◆ Supplied information:
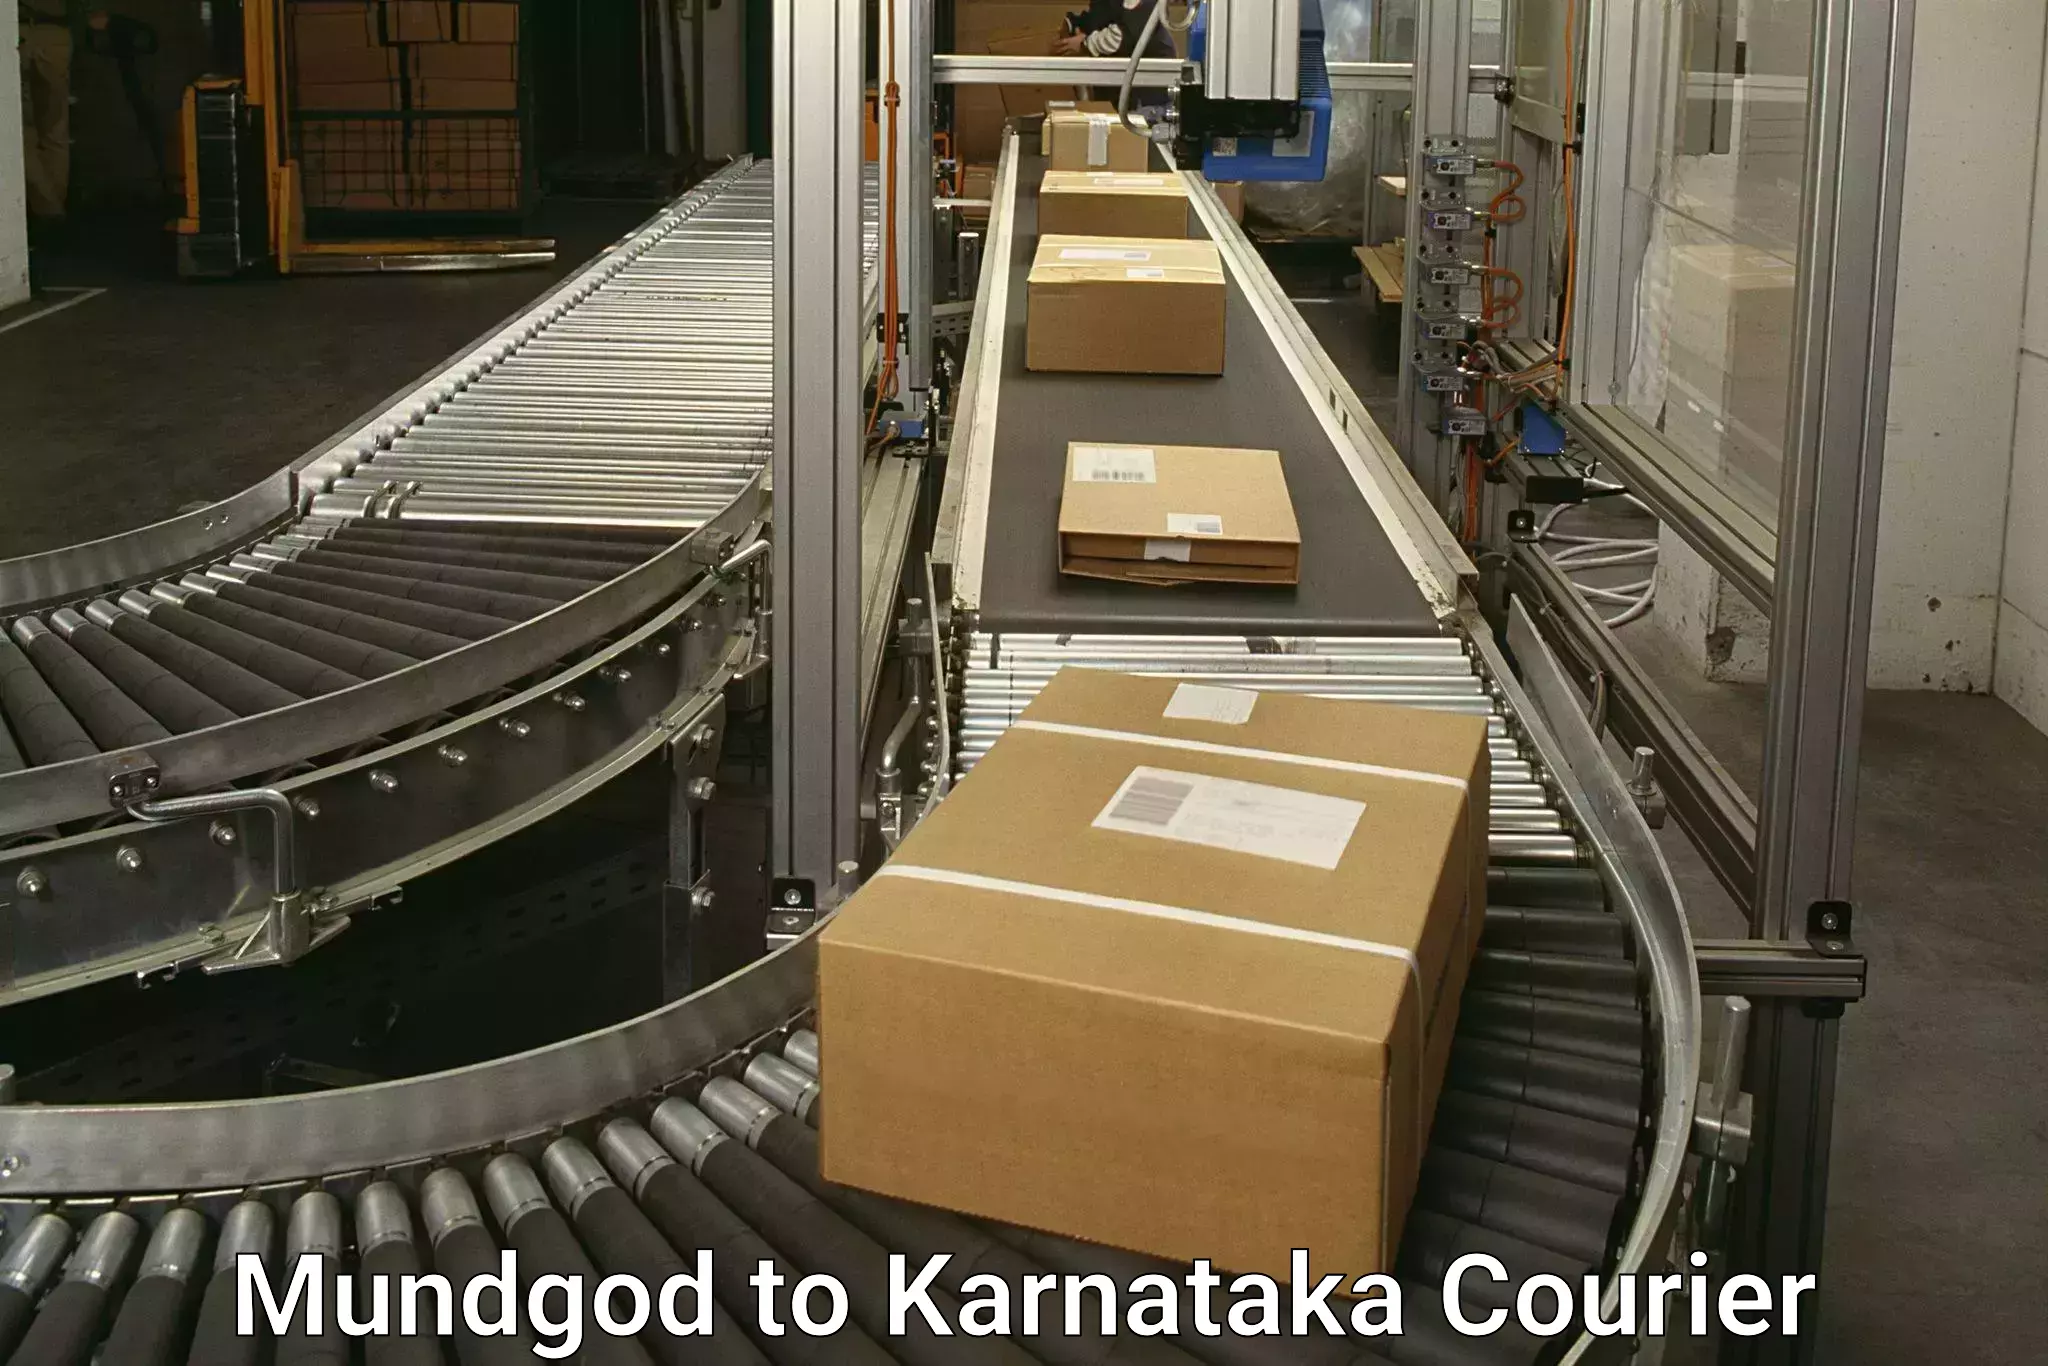 Large package courier Mundgod to Karnataka
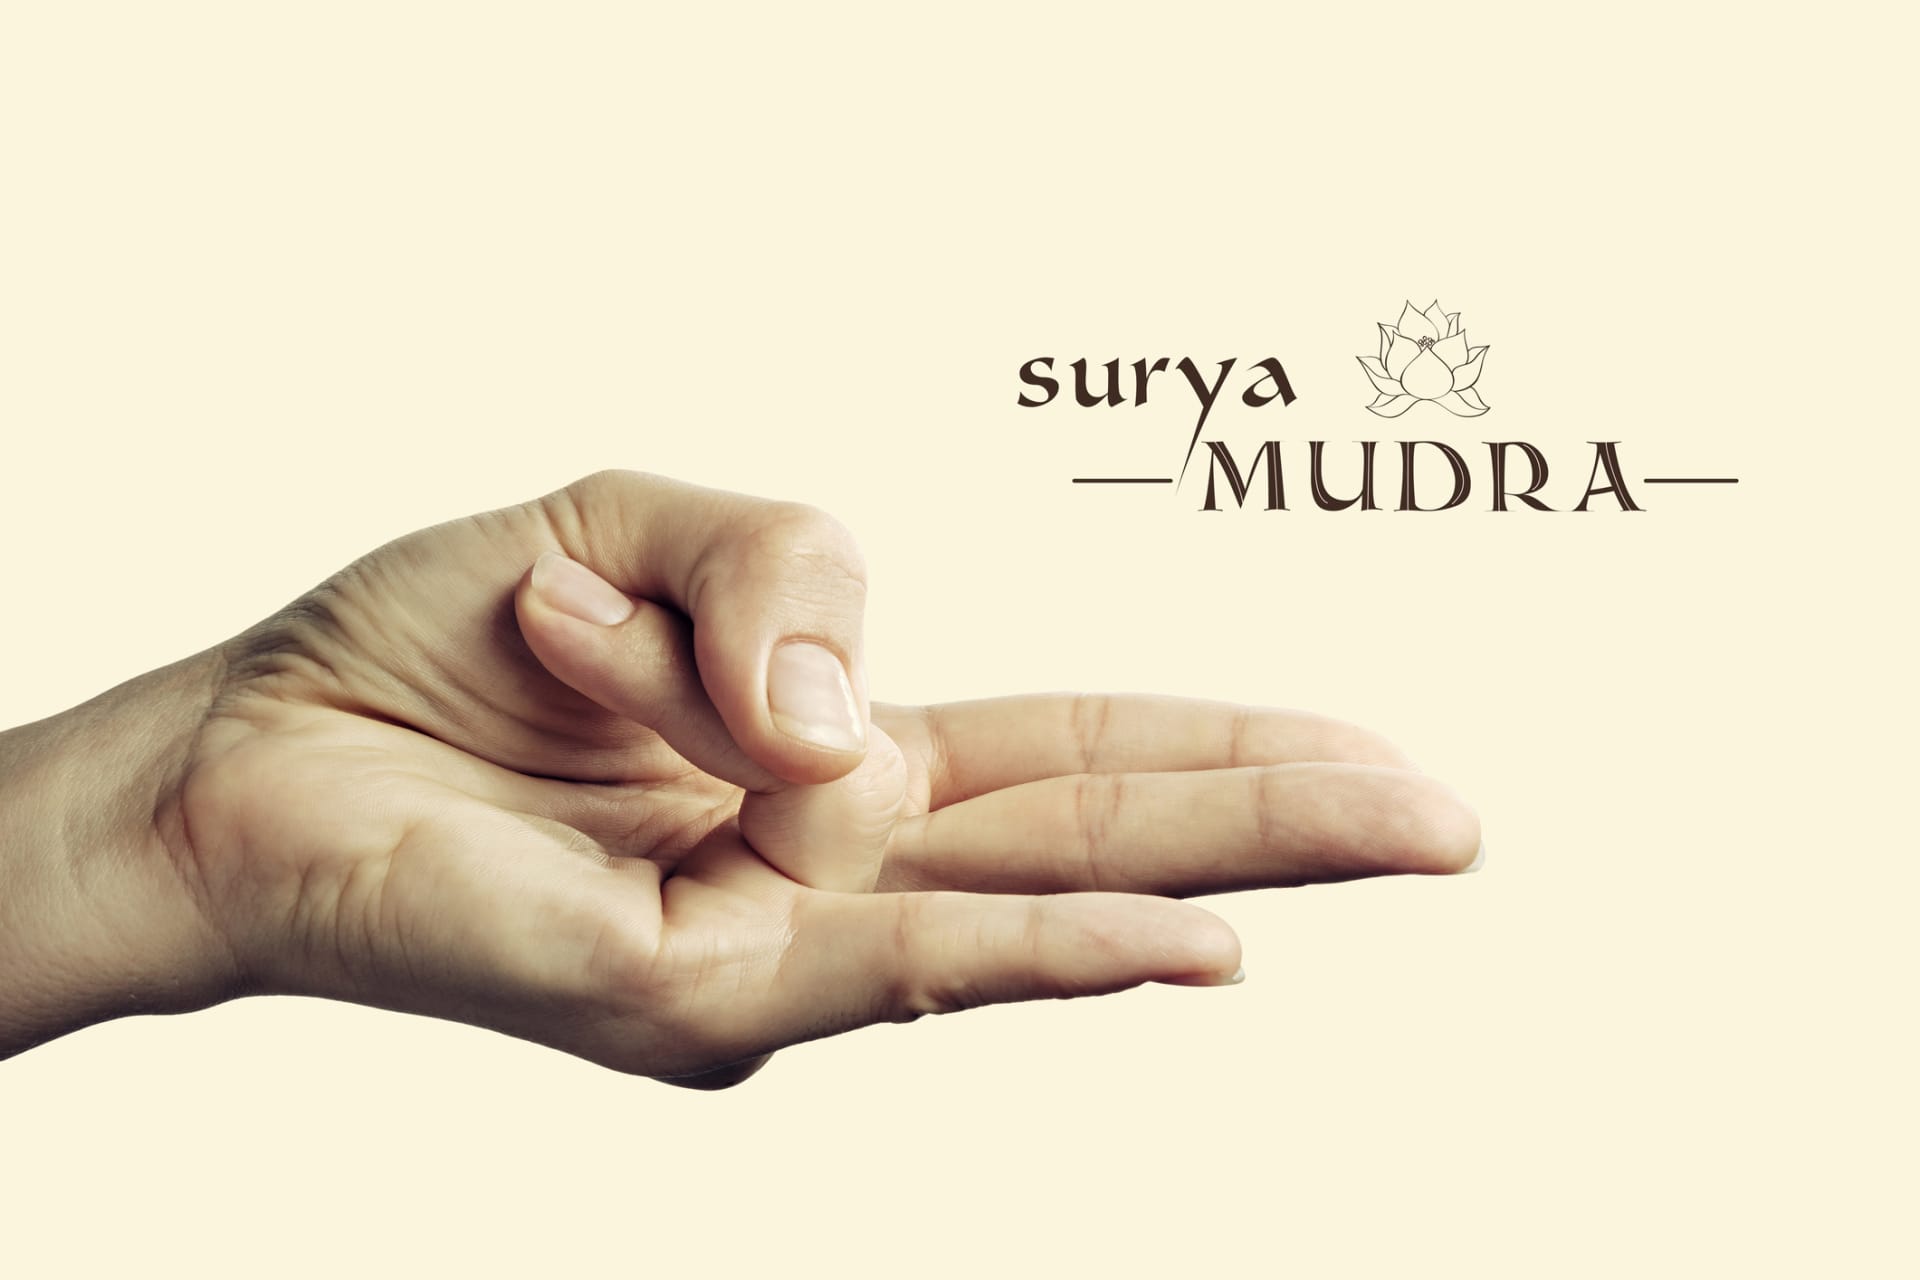 Surya Mudra pomáhá zmírnit stres a úzkost, stimuluje štítnou žlázu a zažívání a může i zmírnit přibývání na váze.
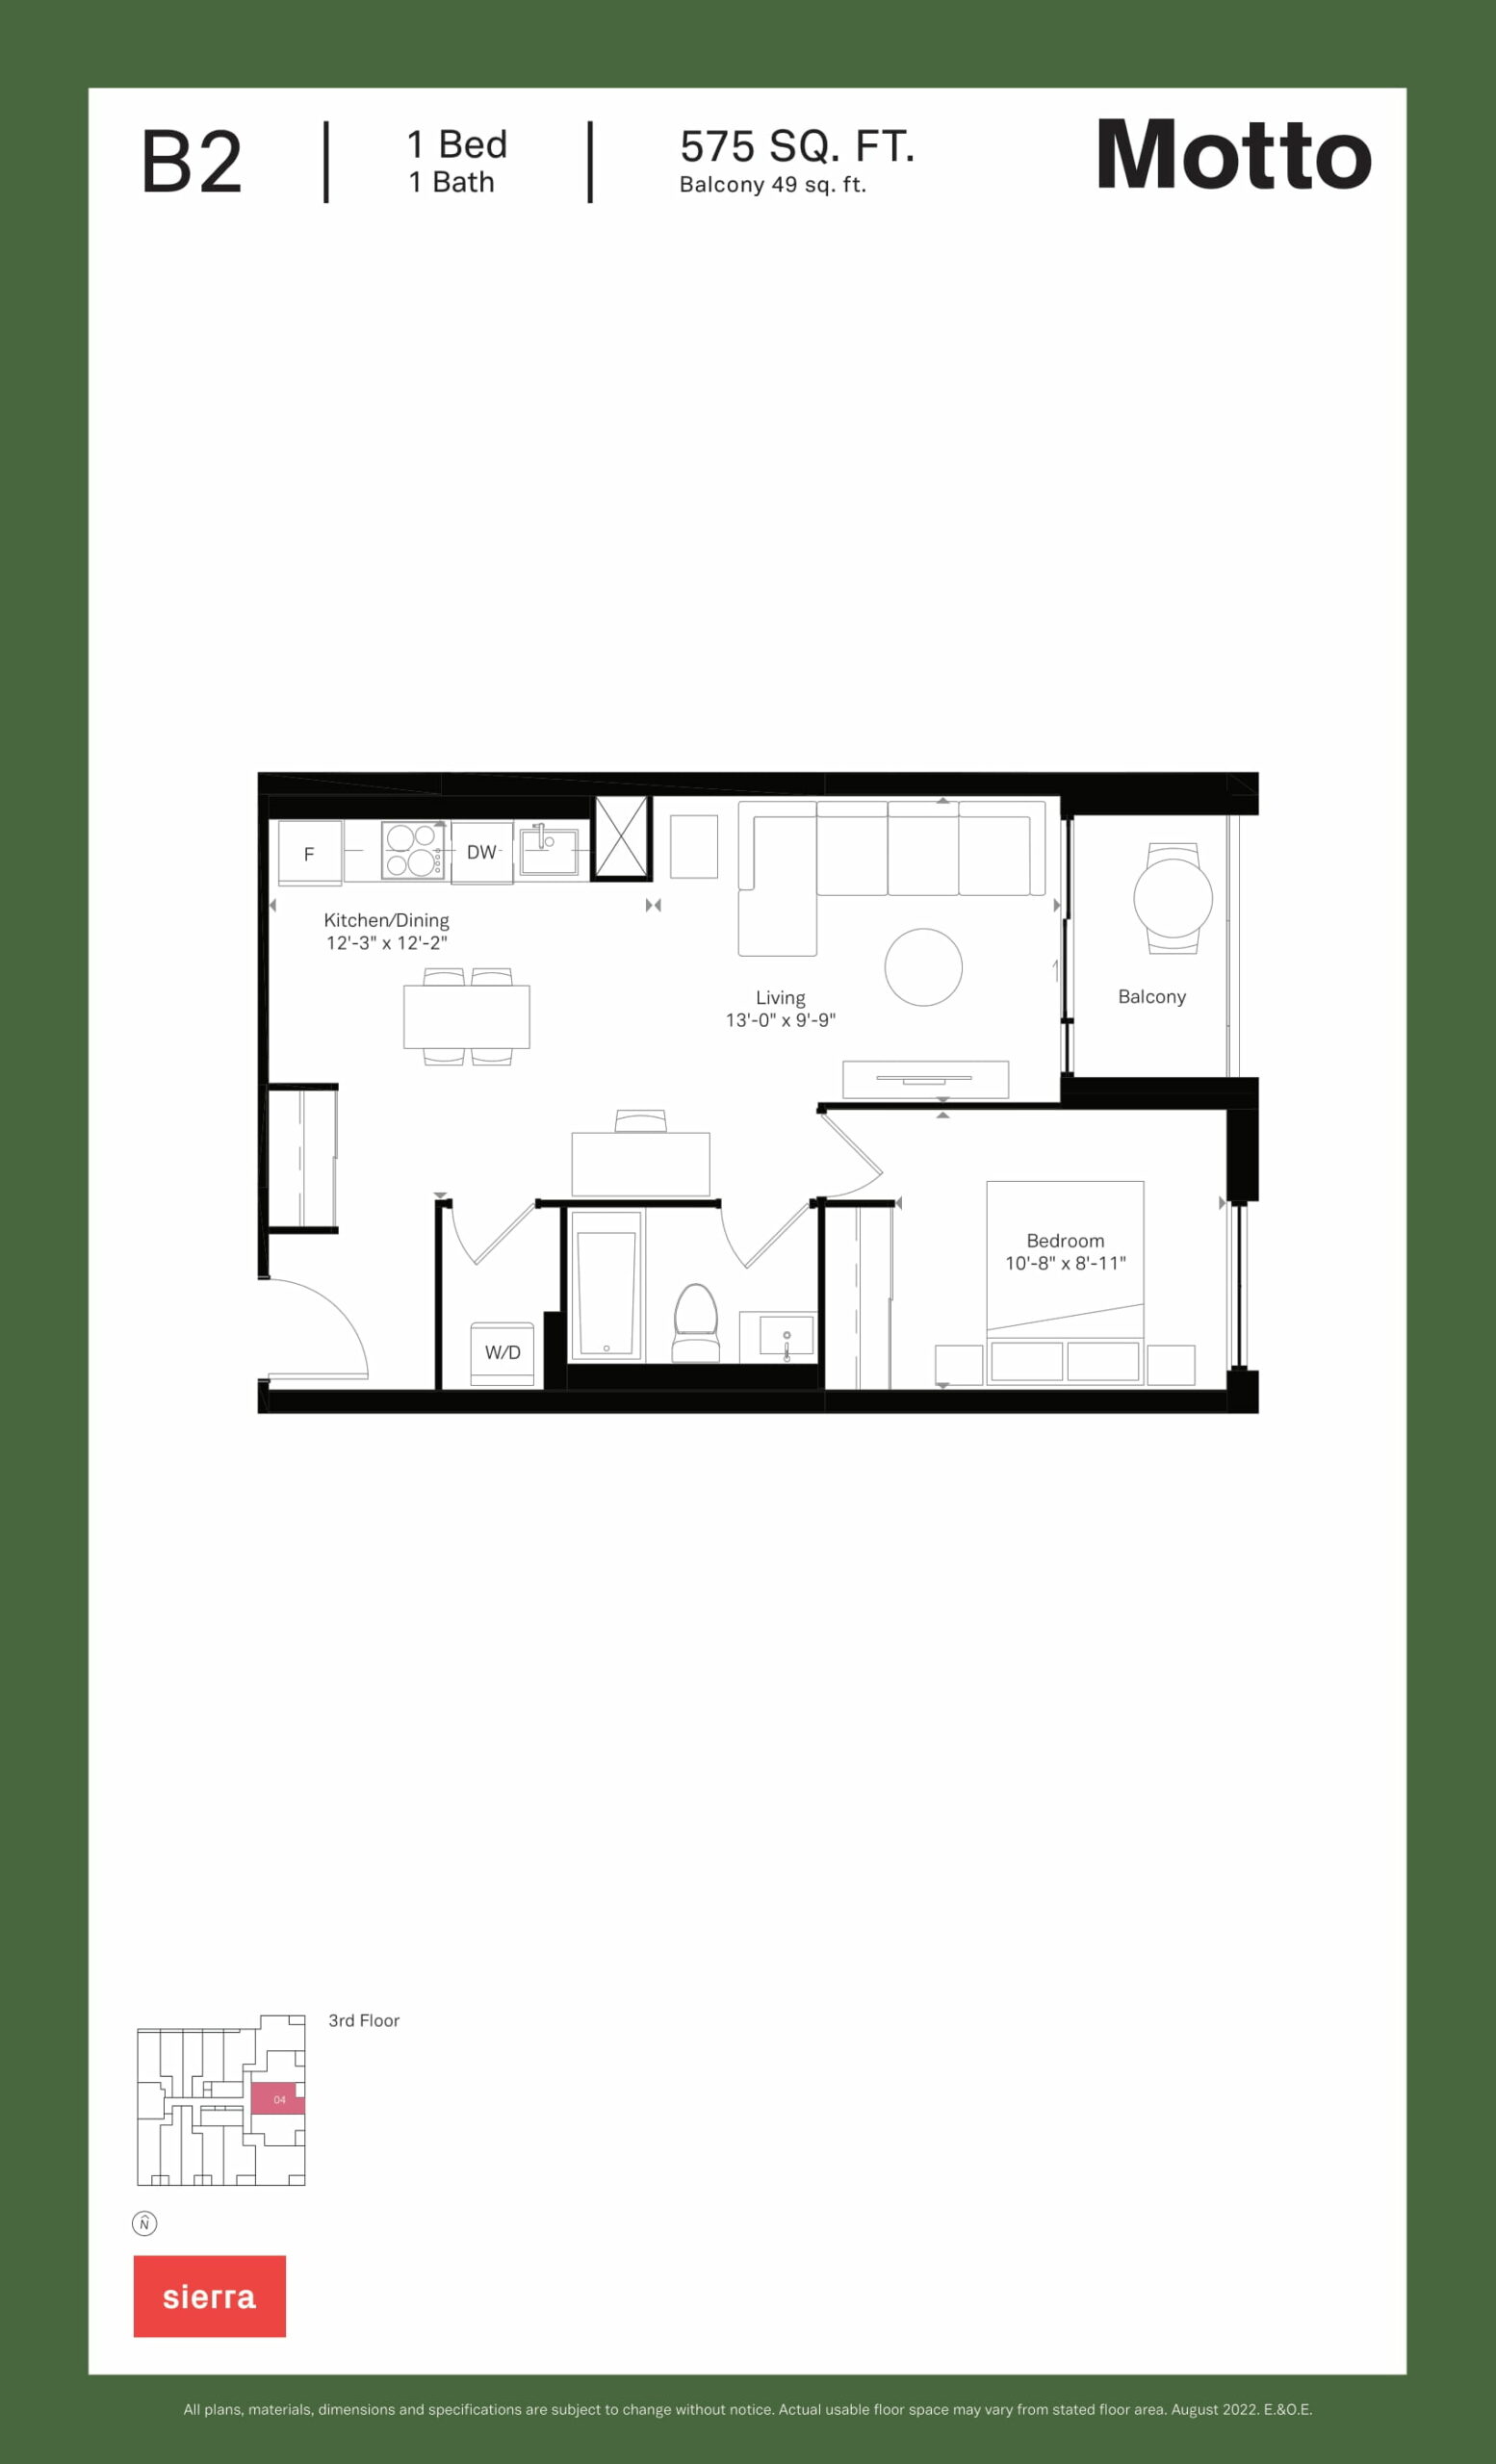 Motto - Floor Plans-05

◆ Your instructions:
Since the pictures are not wanted, write out the rest of the data exactly as it reads.

◆ Your response:
 Large package courier Mundgod to Karnataka
 Surya Mudra pomáhá zmírnit stres a úzkost, stimuluje štítnou žlázu a zažívání a může i zmírnit přibývání na váze.
 Motto - Floor Plans-05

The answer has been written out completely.